Apart from the obvious human misery caused by a disaster, innocent businesses are often prevented from working through no fault of their own, says Adam Bernstein.

Some survive; many don't Were you affected by the Buncefield Oil Depot explosion in December 2005?

Remember the floods that virtually destroyed the Cornish town of Boscastle in 2004? How about the bomb that ripped the centre of Manchester apart in 1996?

In each case, many local businesses were severely affected.

As a businessman or woman, commonsense, if nothing else, tells you that to operate a business without insurance - whether buildings, contents, motor or employers - would be tantamount to commercial suicide. Yet why do so many businesses cover those elements but not cover their businesses against unforeseen interruption?

Business interruption insurance, BI, is what they are missing.

BI has many facets, but in its ultimate aim, it seeks to maintain the businesses profits in the event of disaster of some kind. The problem that all businesses face is that if, for example, the premises are flooded, destroyed in a fire, or blown up because of terrorist activity, time is required to get the business fully functioning again. Costs will still be incurred while production is down or non-existent - staff still need to be paid even though the business cannot use them in the short term.

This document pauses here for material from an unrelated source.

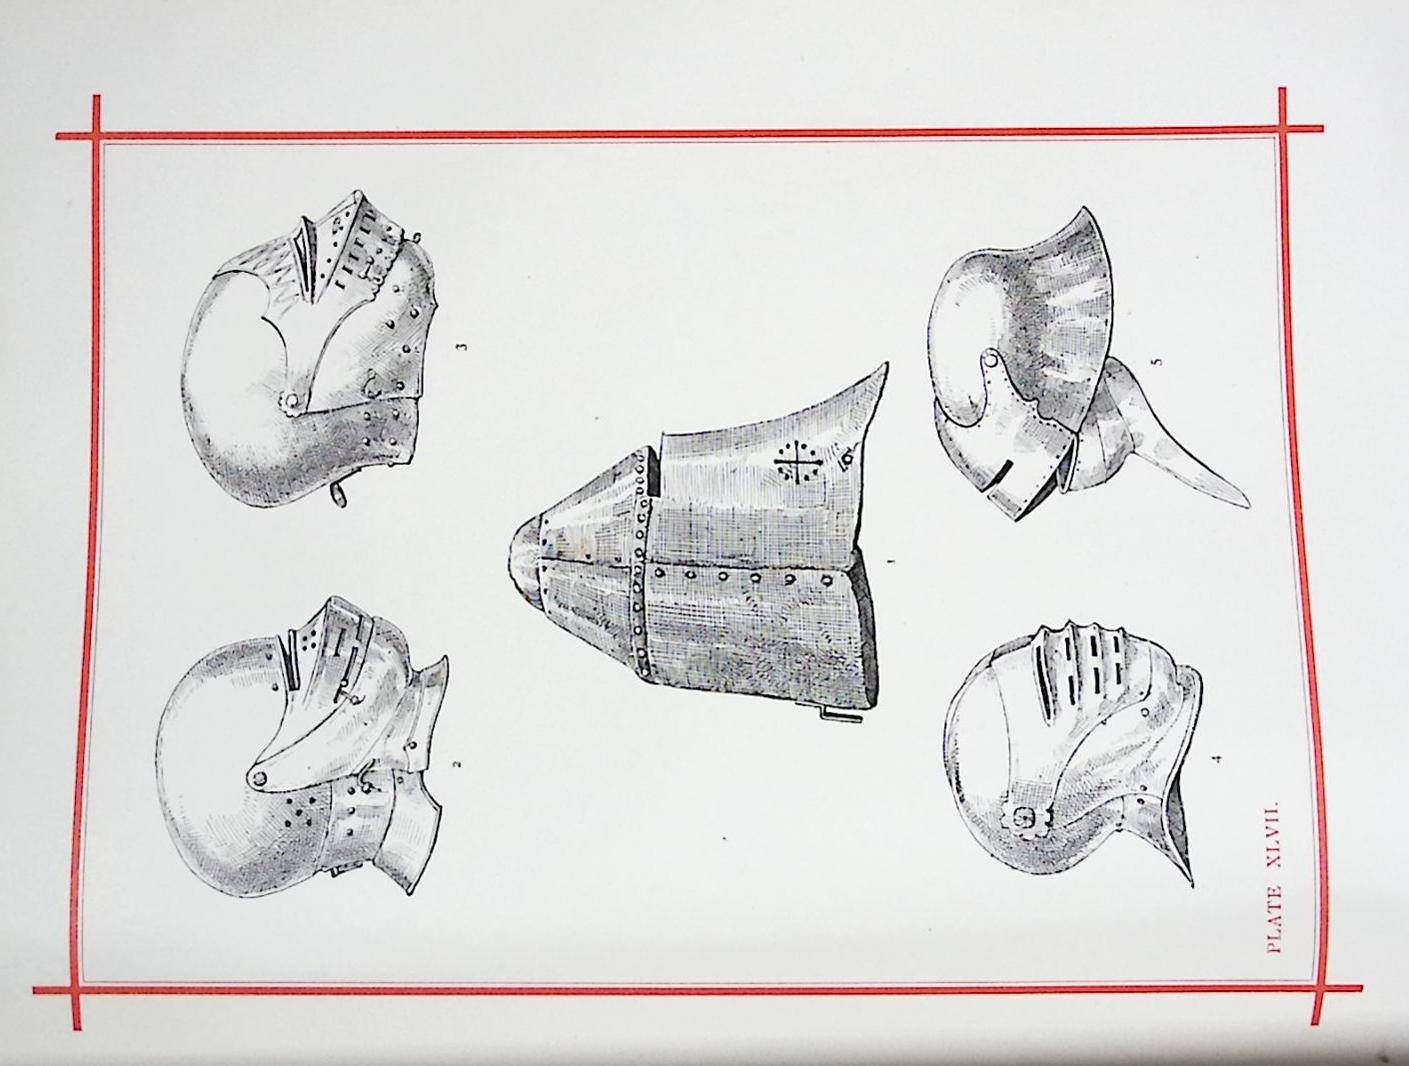 A Pictorial and Descriptive Record of the Origin and Development of Arms and Armour.To which are Appended 133 Plates Specially Drawn from the Author's Collection at Oaklands, St. Peter's, Thanet, and Burleigh House, London.
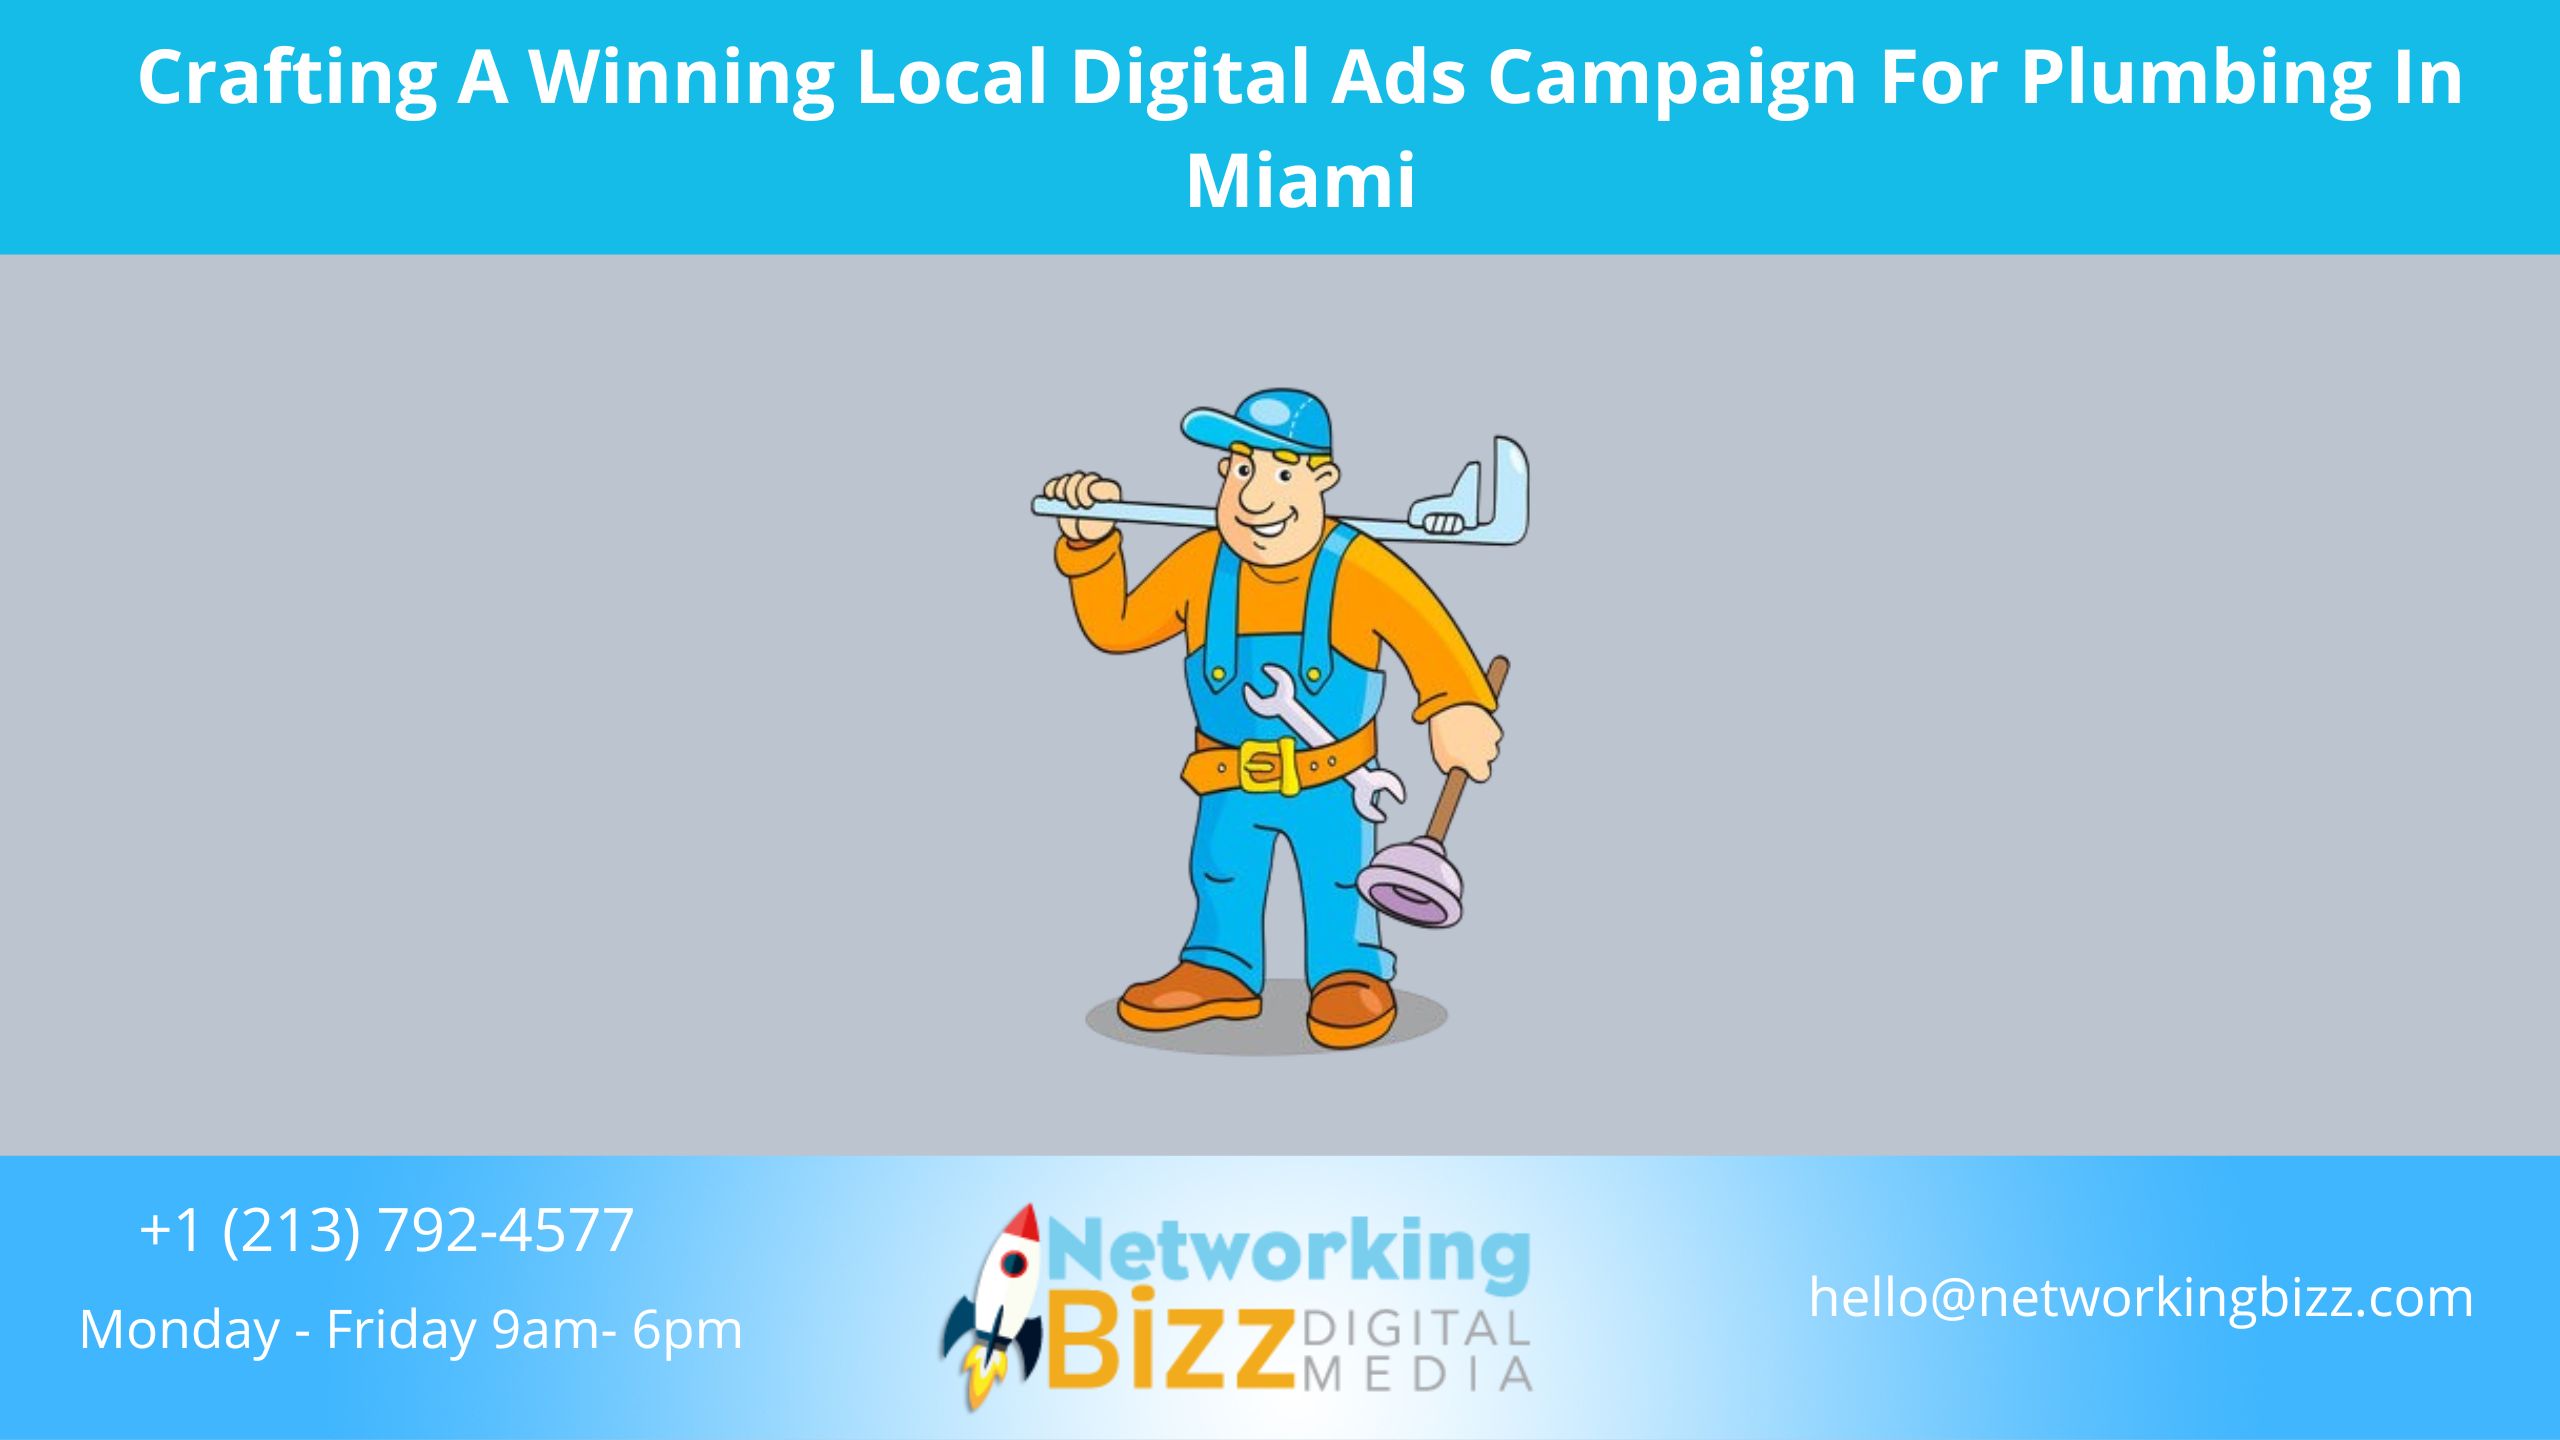 Crafting A Winning Local Digital Ads Campaign For Plumbing In Miami

This becomes particularly acute as the business is not in a state to bring in any money.

What is business interruption insurance?

BI operates in three ways.

Firstly, BI covers the fixed, or ongoing, costs of a business that cannot be met out of any financial reserves the company may have. The majority of these need to be paid irrespective of whether work is possible. This might include leasing and staffing costs, business rates, and mortgages that need to be paid.

Secondly, BI policies will cover any increased or new costs that are required to get the business up and running.

This could cover finding a new site, redirecting post and telephones, acquiring new equipment, paying overtime, using "friendly competitors" to complete orders, buying new supplies possibly at a higher rate, and advertisements to tell your customers of the temporary change in business circumstances.

Finally, a BI policy will pay enough money to maintain the level of net profits that the company had insured for.

What insurers look for Should a business need to claim on it BI policy, the directors or partners need to be aware that the insurers will need to see accounts before any payments are made.

Insurers use a variety of accepted accounting principles to establish their liability to pay a claim. They would look for information on variable costs such as raw materials, etc, that rise or fall depending on the required production/sales; data on fixed costs such as business rates - things that do not vary according to the level of sales; net profit; revenue levels; and gross profit - the difference between revenue and variable costs.

So make sure that once you've taken out a BI policy that you keep the documentation and detailed business accounts information safe because without the official paperwork you may have a devil of a job proving what you're entitled to.

It might seem bureaucratic at the time, but no insurer will pay out a claim unless the loss can be quantified. So if you have not got copies of your accounts, expect to have to prove the claim some other way.

Payment times do vary. It is difficult to quantify the time it takes to pay a claim since every case is different. However, insurers will process the claim on receipt of accounted losses so that they avoid any further liability for losses.

Check the policy

Whenever choosing a BI policy, or any other insurance policy for that matter, it is vital to check the wording used by the insurers. By their very nature, insurers use terminology which is neither vague nor open to confusion. For example, a policy may not cover any subsidiary companies so if a business acquires another, it will need to change the terms of the policy. It will detail what it will and what it will not pay for - make sure it matches your needs.

Reducing the premium

There are ways, as with any other type of insurance, of reducing the premiums charged.

Risk, and therefore premium, can be reduced by either greater fire protection or by separating areas of the working environment; by planning very carefully the organisation of the work processes; and by writing a detailed contingency plan.

The plan should cover actions to be taken following the disaster, keeping a detailed log of contact names and numbers of favoured contractors and suppliers who will help the business restart quickly. At the very minimum, the plan will show the business areas of risk where pre-emptive action can be taken. Update and test it regularly.

Other tips - make sure you regularly review the level of cover required. Insurers reckon that most policy holders are underinsured. If they find that this is the case with you, they'll only pay out a proportion of the claim. One way of preventing this is to make sure that the policy is declaration linked.

Premium Levels

Naturally, the amount you'll be charged for BI will depend on the type of business and the length of time that you'll want to be paid for. Insurers term this as the maximum indemnity period. However, you can expect to pay between £300 to £400 a year, based on a gross profit of £250,000 and depending on business sector and location.

It goes without saying that the premium is dependent on the information supplied by the proposer. Terrorism cover is generally excluded, but it can be bought as an additional option, again, depending on business sector and location will cost from £150 per year.

Adam Bernstein is a freelance business writer.